> [Your instructions]: While you copy the lines below, skip the pictures and keep the rest exact.

> [Collected data]:
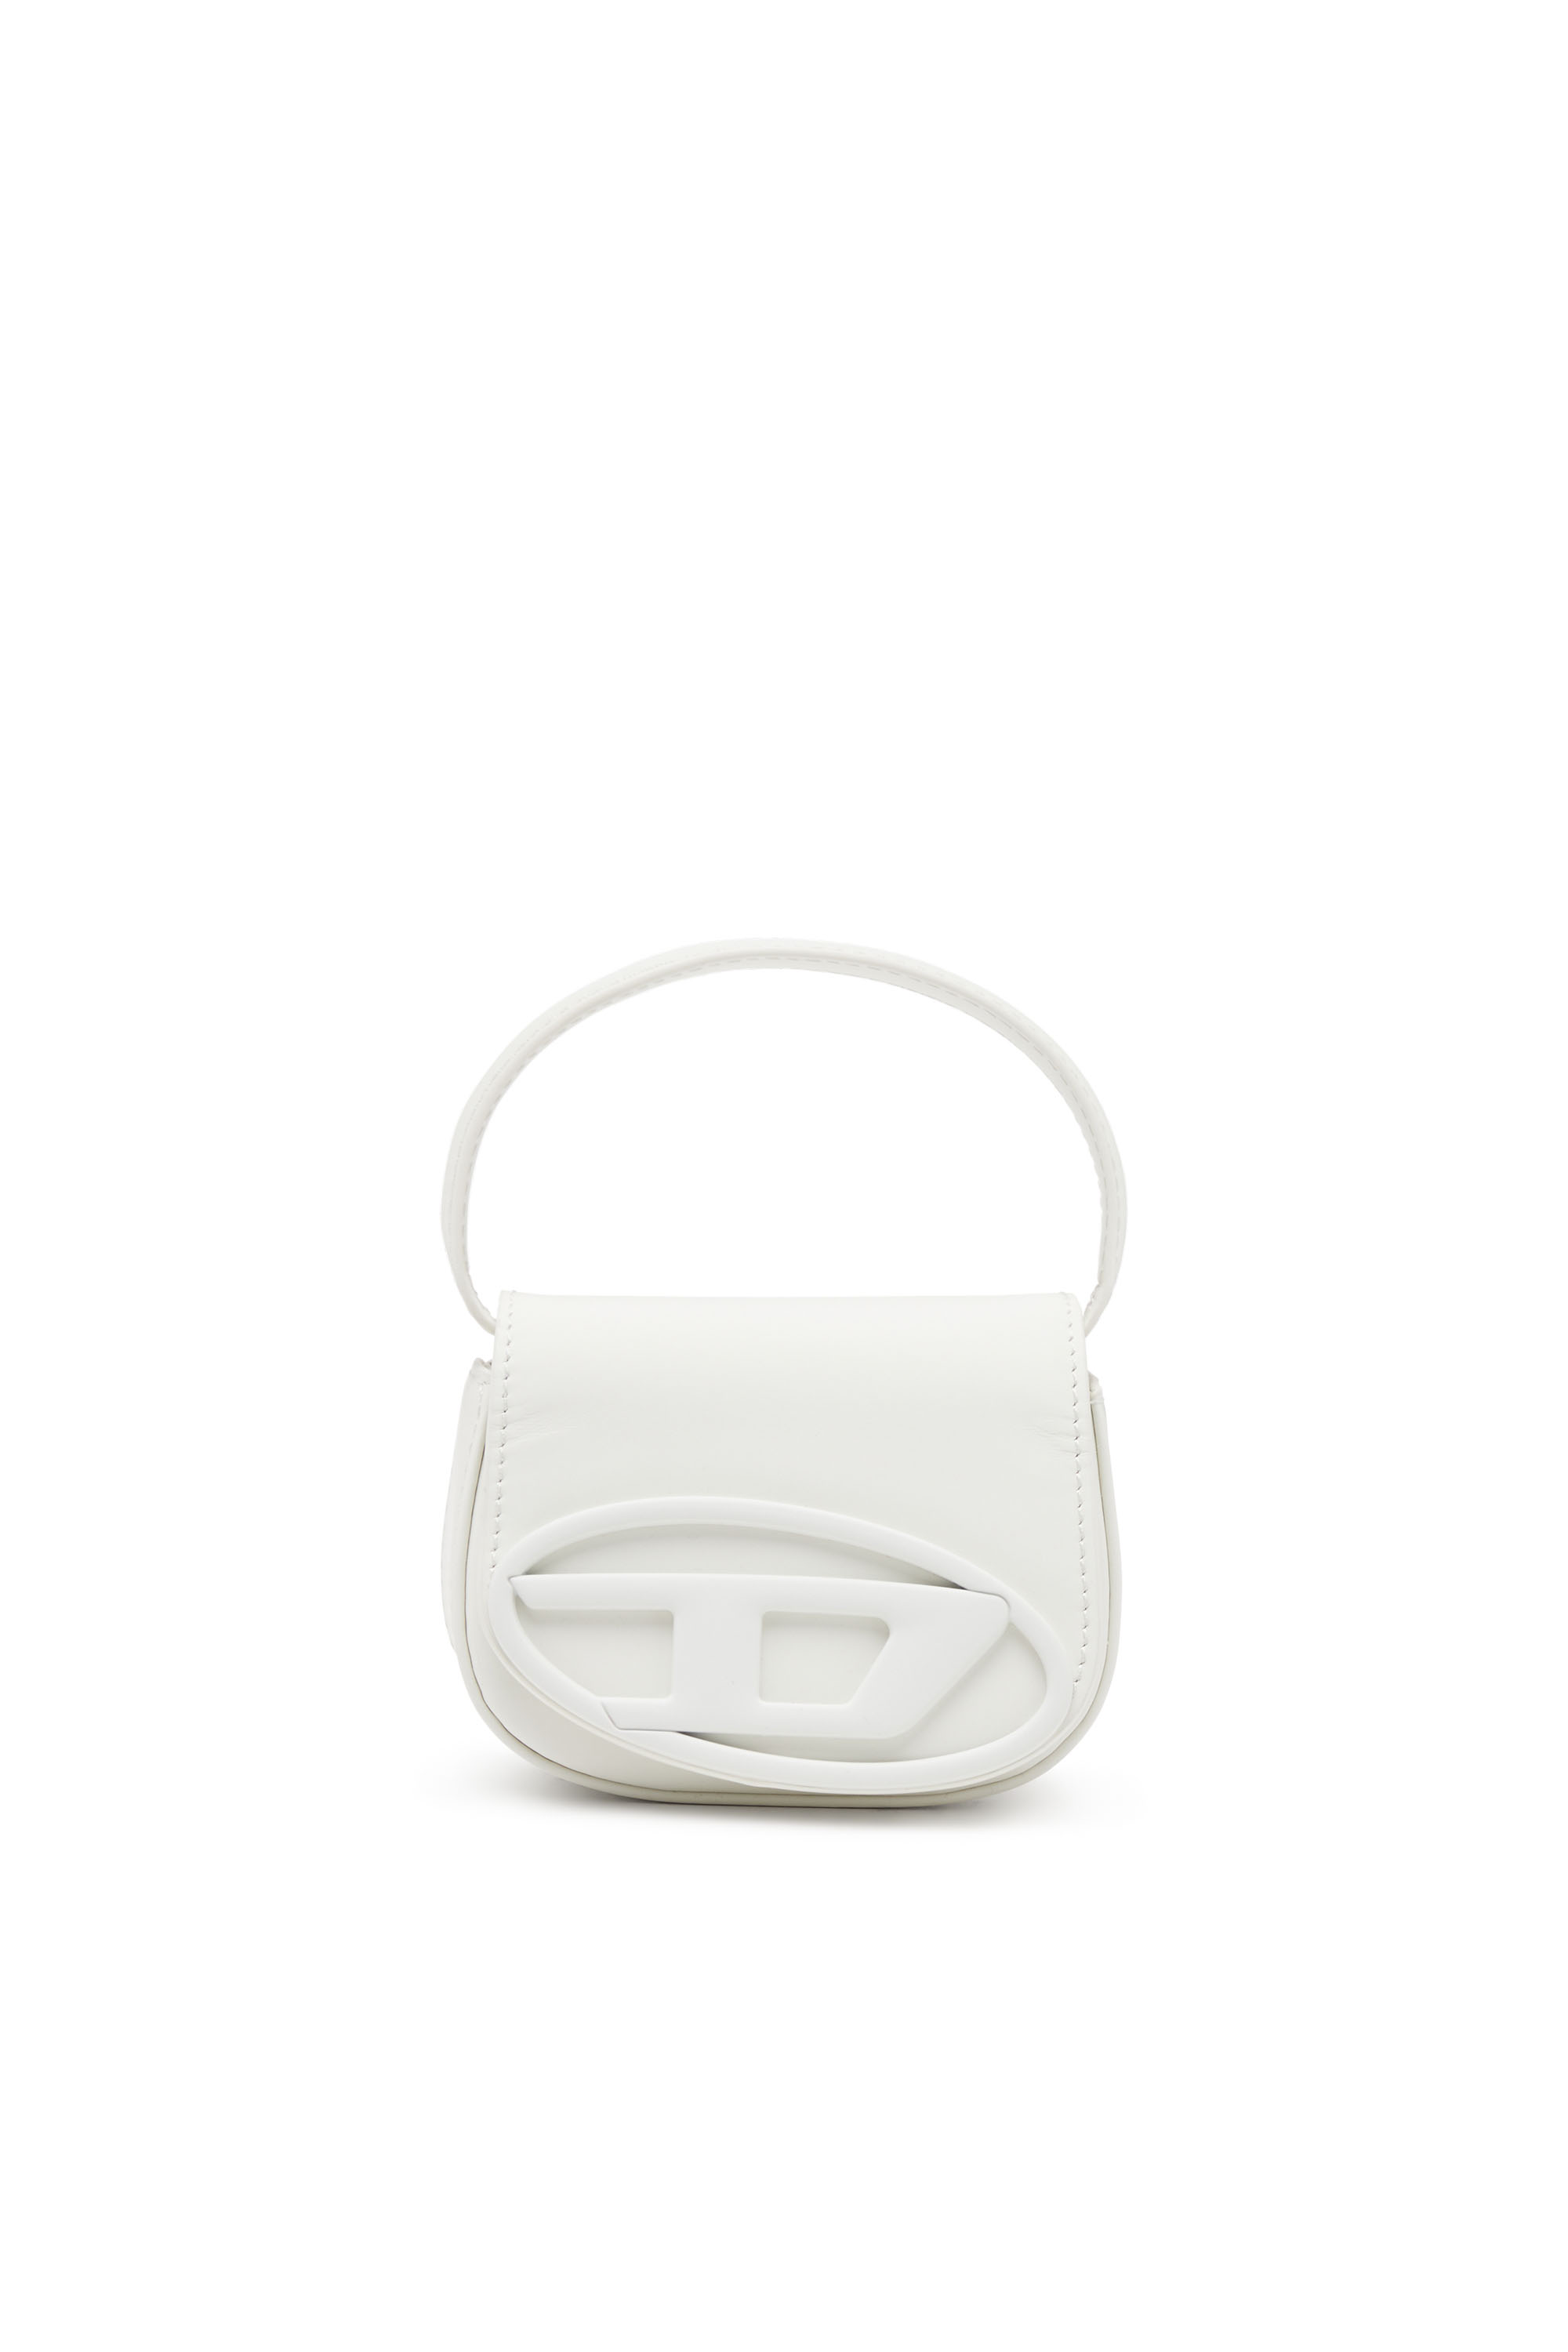 Diesel - 1DR XS, Woman 1DR Xs-Iconic mini bag in matte leather in White - Image 6
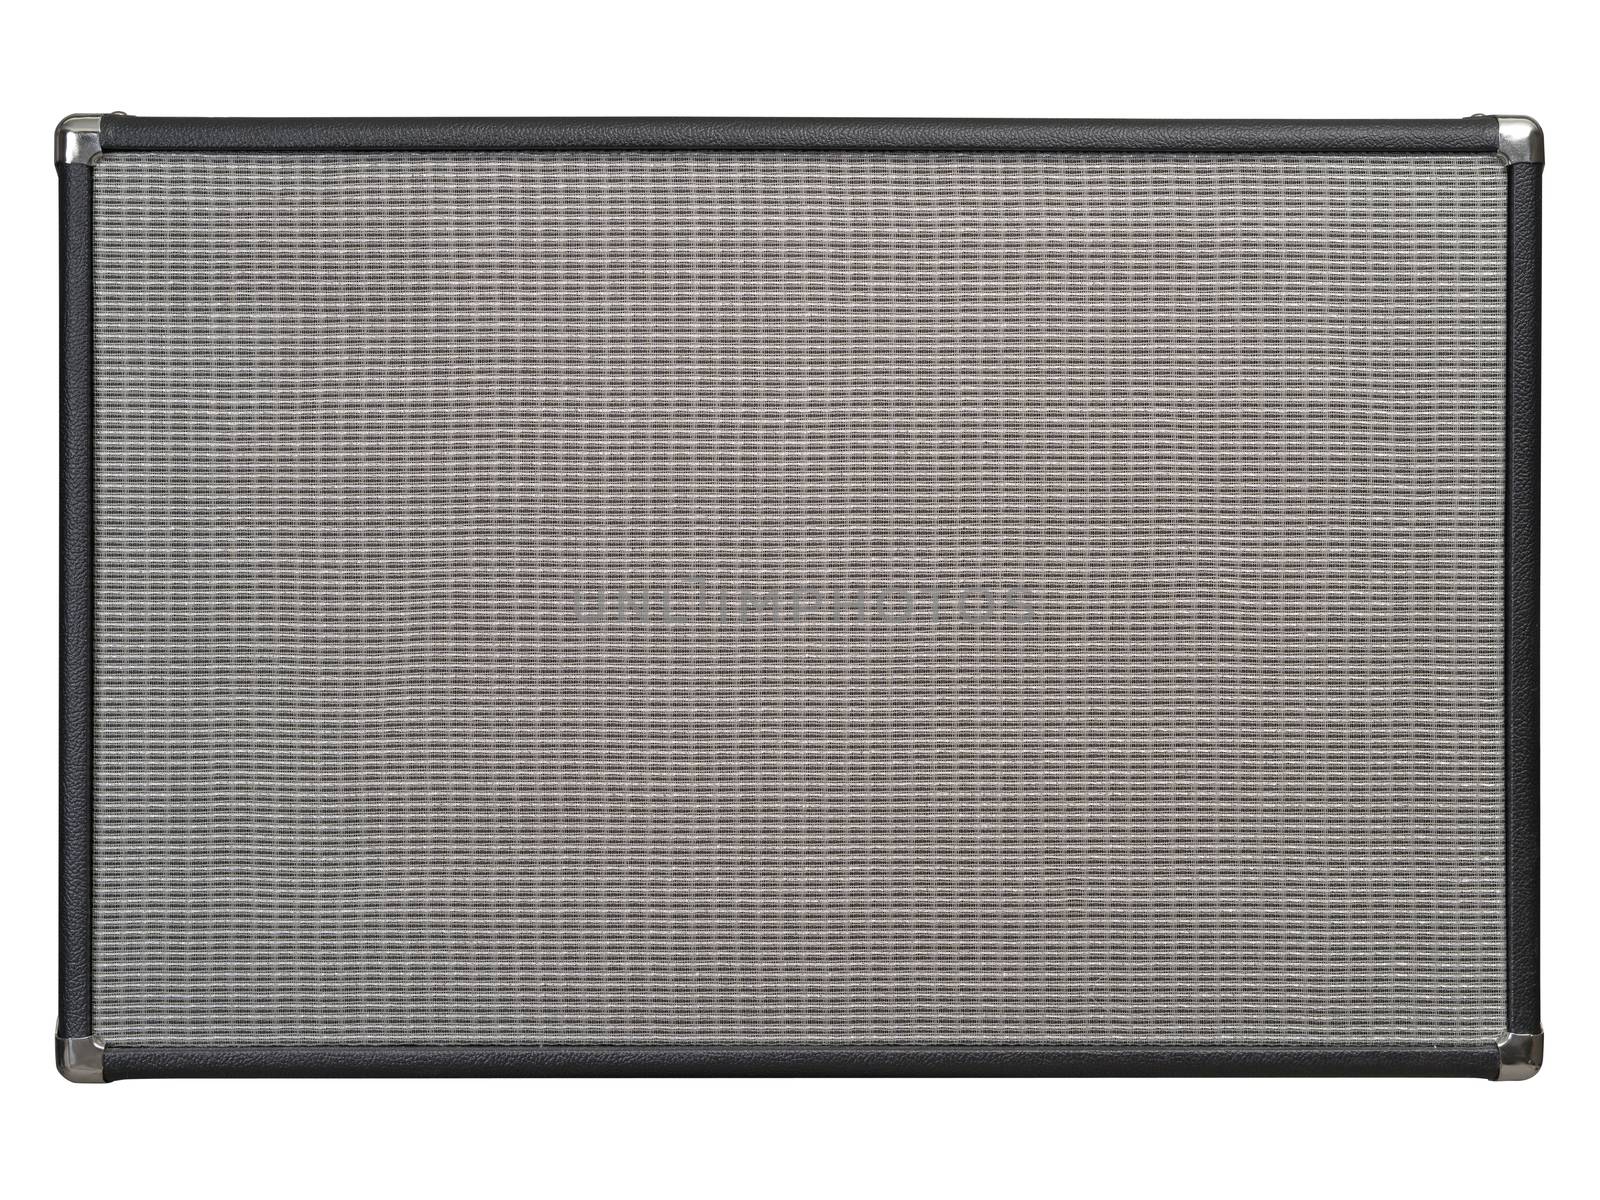 Photo of the front of a guitar amplifier as a background. Clipping path included.
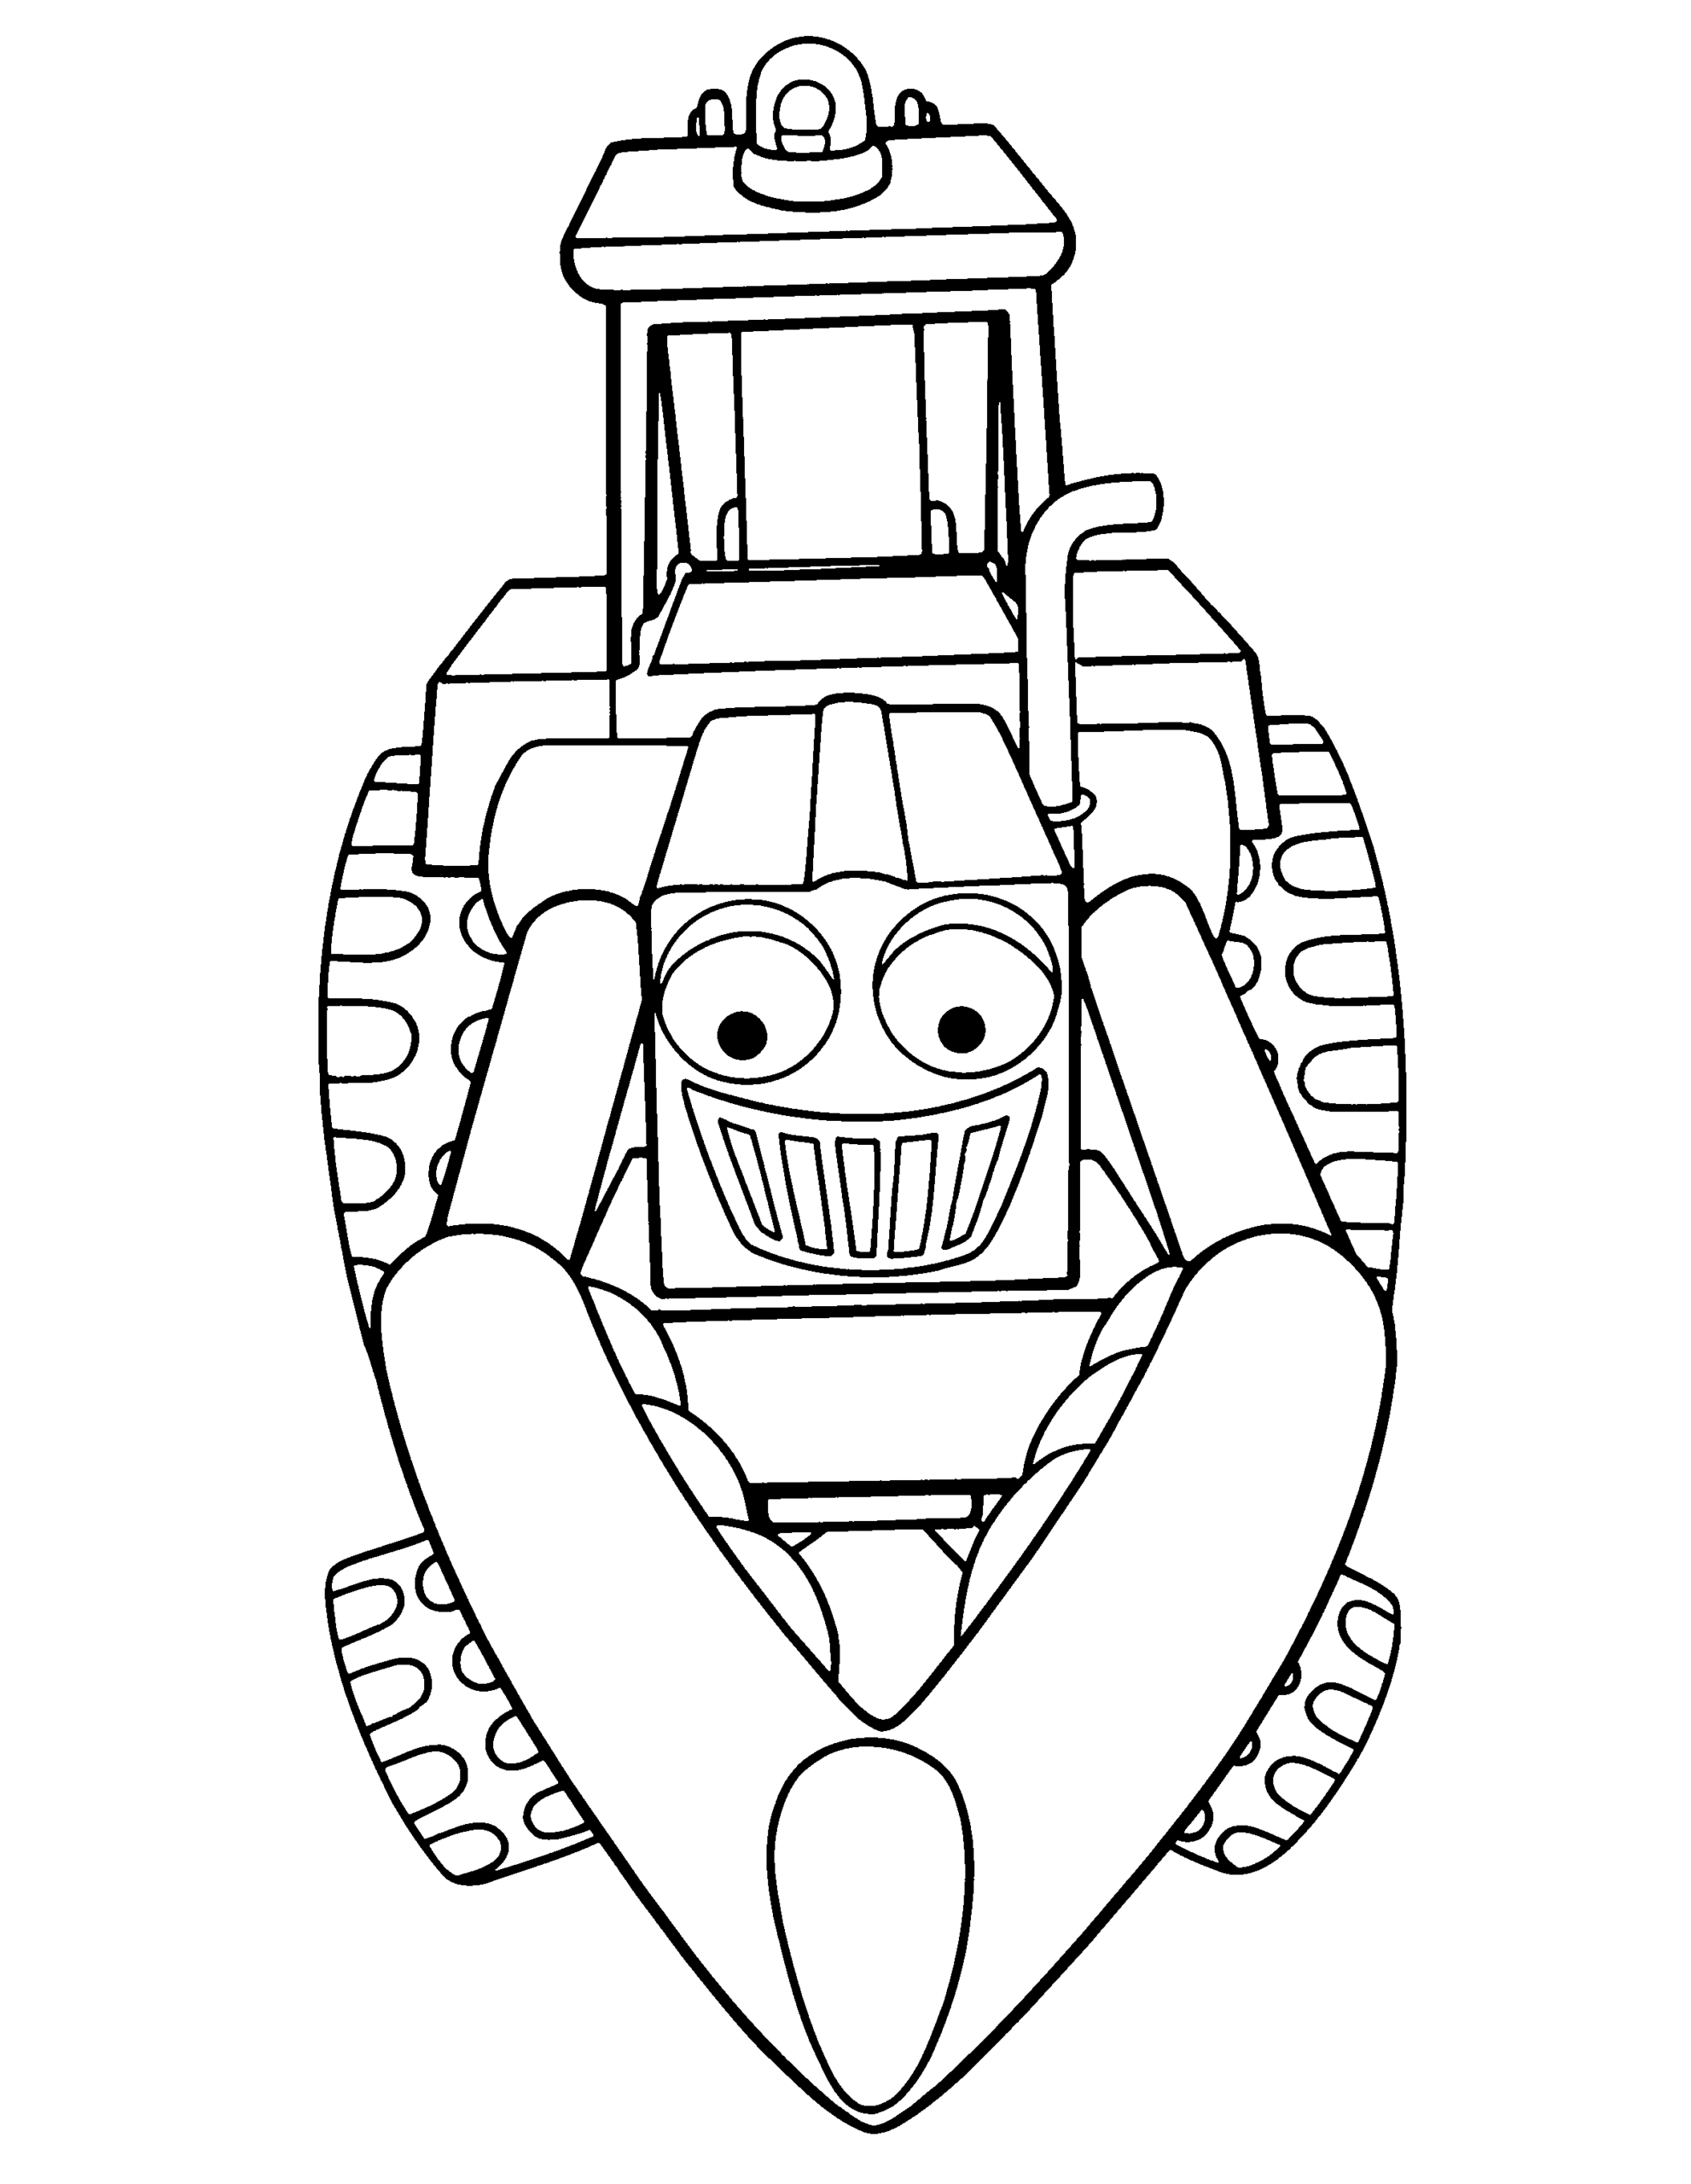 Bob the Builder Coloring Pages TV Film bob the builder 104 Printable 2020 01009 Coloring4free

> [Solution for this task]:
 Diesel - 1DR XS, Woman 1DR Xs-Iconic mini bag in matte leather in White - Image 6
 Photo of the front of a guitar amplifier as a background. Clipping path included.
 Bob the Builder Coloring Pages TV Film bob the builder 104 Printable 2020 01009 Coloring4free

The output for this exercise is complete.